X
Tech

Is success ruining open source?

Project leaders leave, taking their passion and code sense with them, yet the project moves on, led by whoever the boss has chosen. Isn't that the way the proprietary world works?
Written by Dana Blankenhorn, Inactive

Now that the open source movement is awash in cash, we should ask whether that cash is destroying it.

The charm of the cash-poor open source movement was you couldn't be fired. Everyone was a volunteer. You could take this code and fork it.

But with corporate-run communities like Sun's OpenJDK, even other corporations wonder if that's the case any more. Someone drives the bus, and everyone else (even Red Hat) becomes a passenger.

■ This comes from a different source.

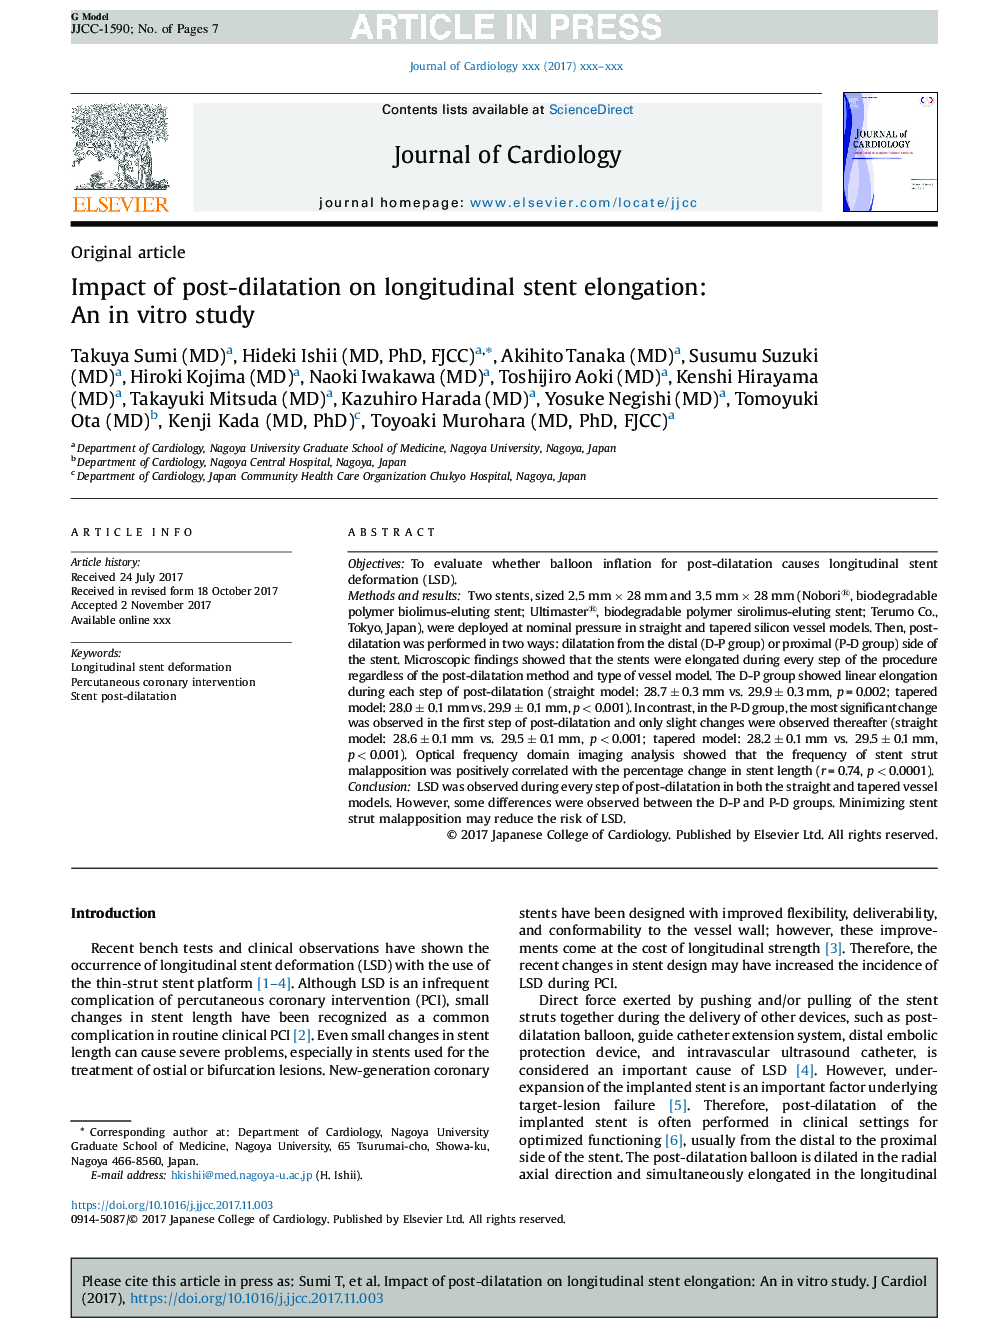 Impact of post-dilatation on longitudinal stent elongation: An in vitro study

Red Hat's own brain drain also begs the question. Project leaders leave, taking their passion and code sense with them, yet the project moves on, led by whoever the boss has chosen. Isn't that the way the proprietary world works?

Matt Asay today has great praise for soccer's Cesc Fabregas, whom he imagines as a great coder. But Fabregas, the scheme he plays, and his Arsenal teammates are all creatures of Arsene Wenger (above), a great executive, and the business risk-takers who built a new stadium to increase their profits.

The point is that while open source can reform business practices, making them more transparent, and placing new pressures on management to provide for workers and customers, it does not replace the business model.

What appears to be a revolution from the inside is only corporate evolution in action.